To do: Drop the pictures and extract exactly the lines from the one that contains "Friendly christmas elf coloring book" through the end of the material.

Collected data:
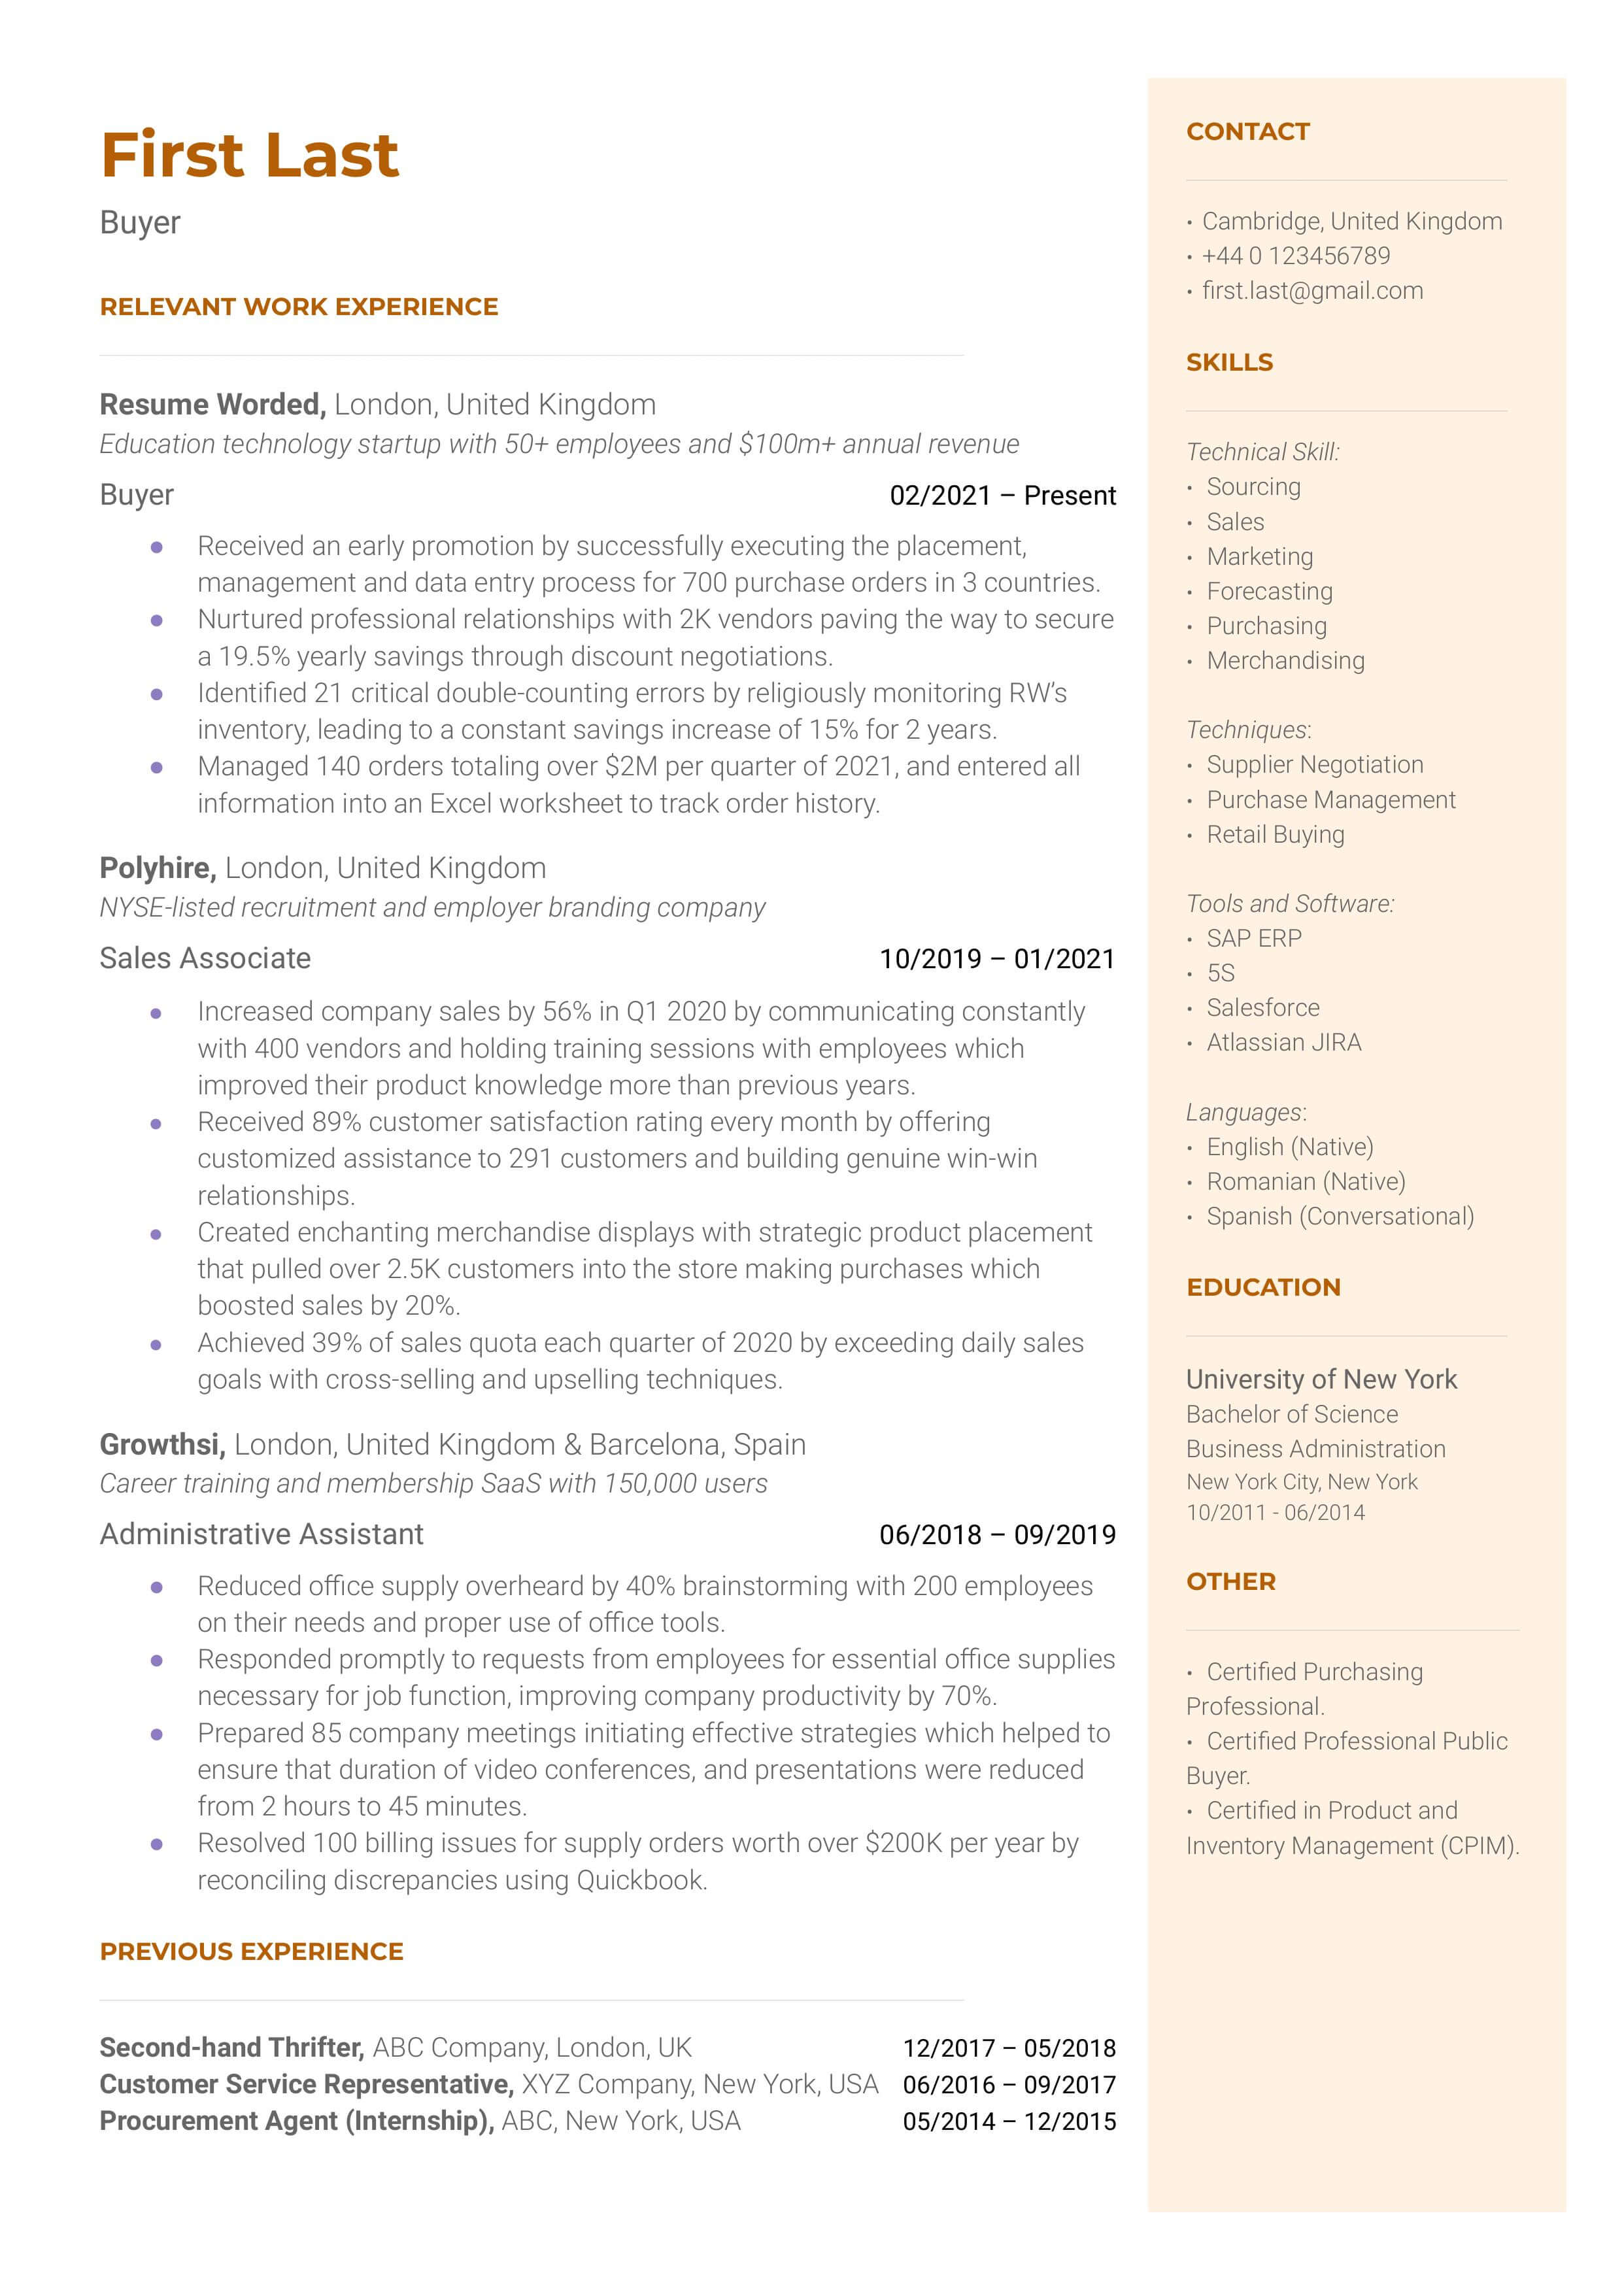 A buyer resume template that quantifies achievements with metrics
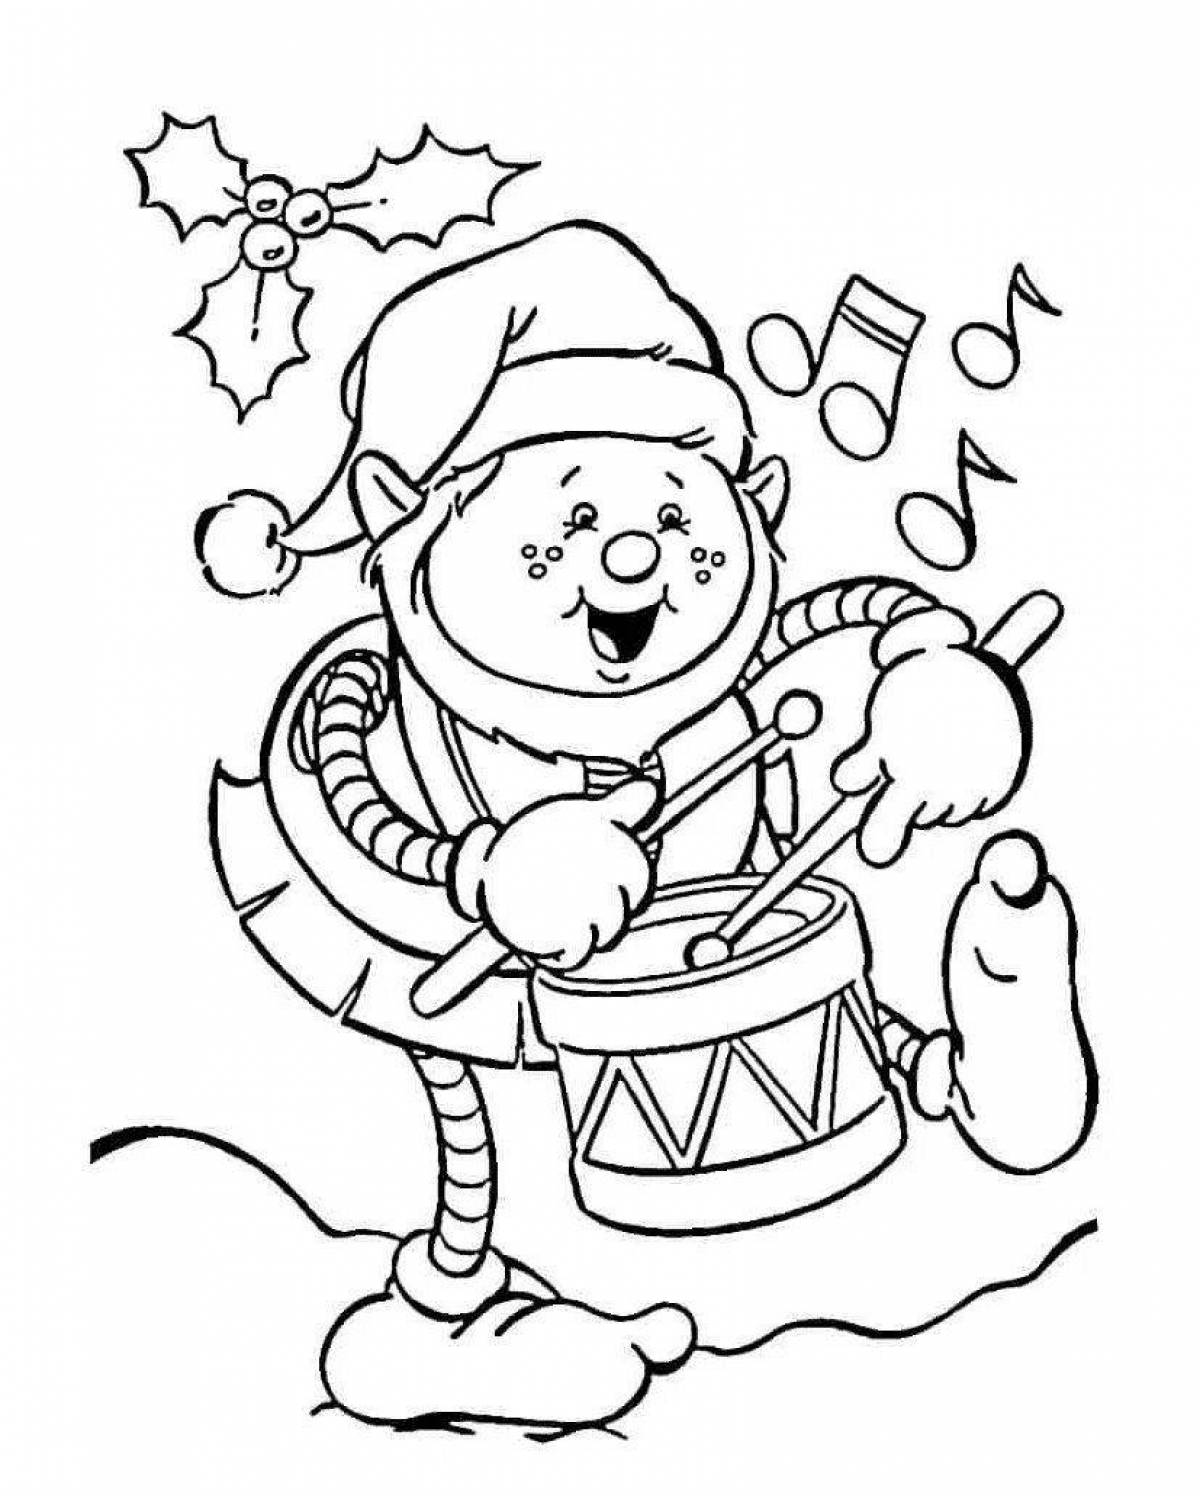 Friendly christmas elf coloring book
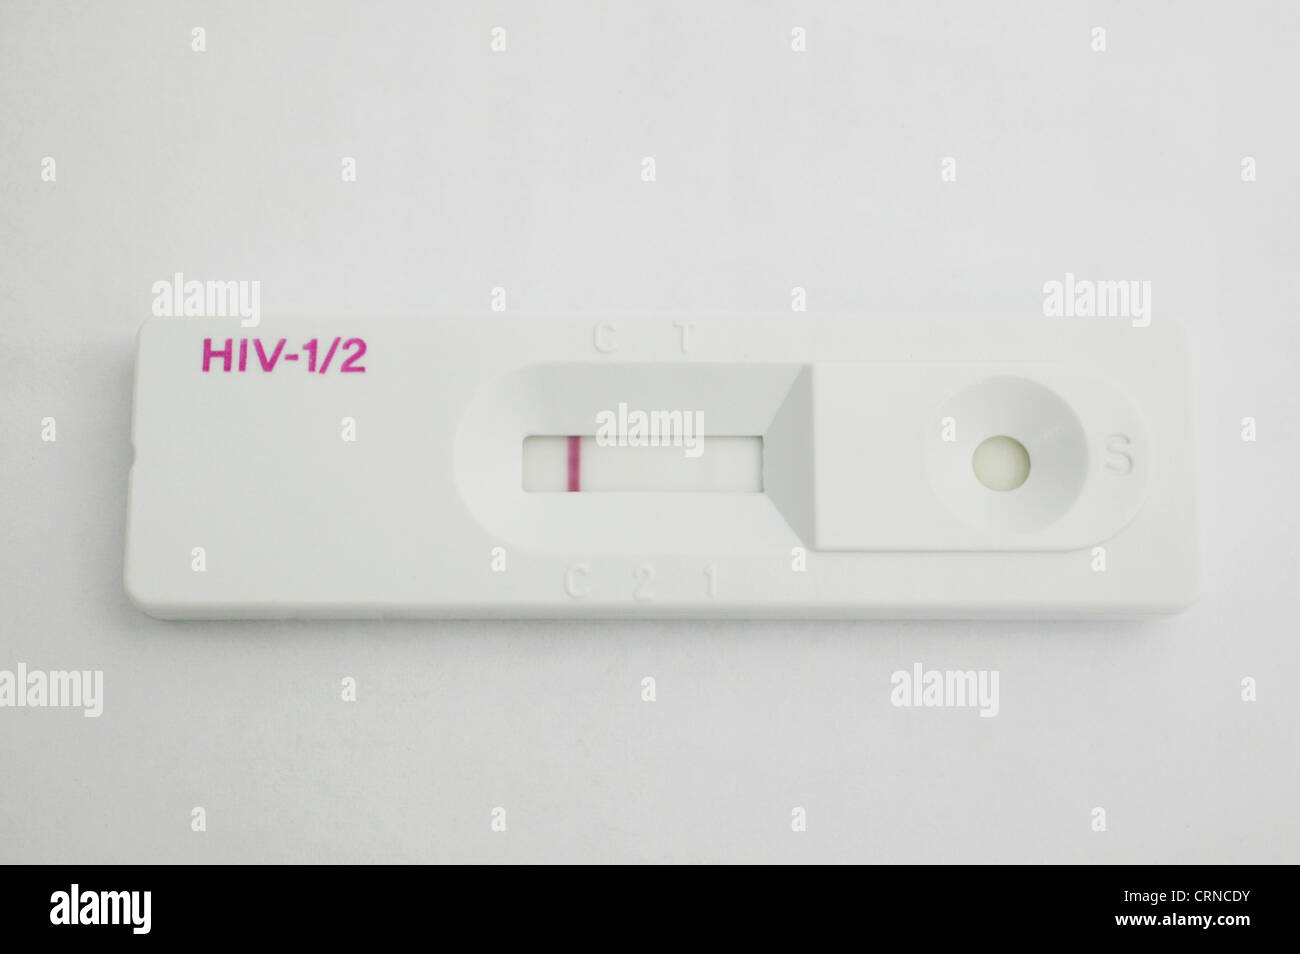 HIV rapid test The Rapid Antibody Test are intended to aid in the diagnosis of HIV infection. Stock Photo

Solution:
 Friendly christmas elf coloring book
 HIV rapid test The Rapid Antibody Test are intended to aid in the diagnosis of HIV infection. Stock Photo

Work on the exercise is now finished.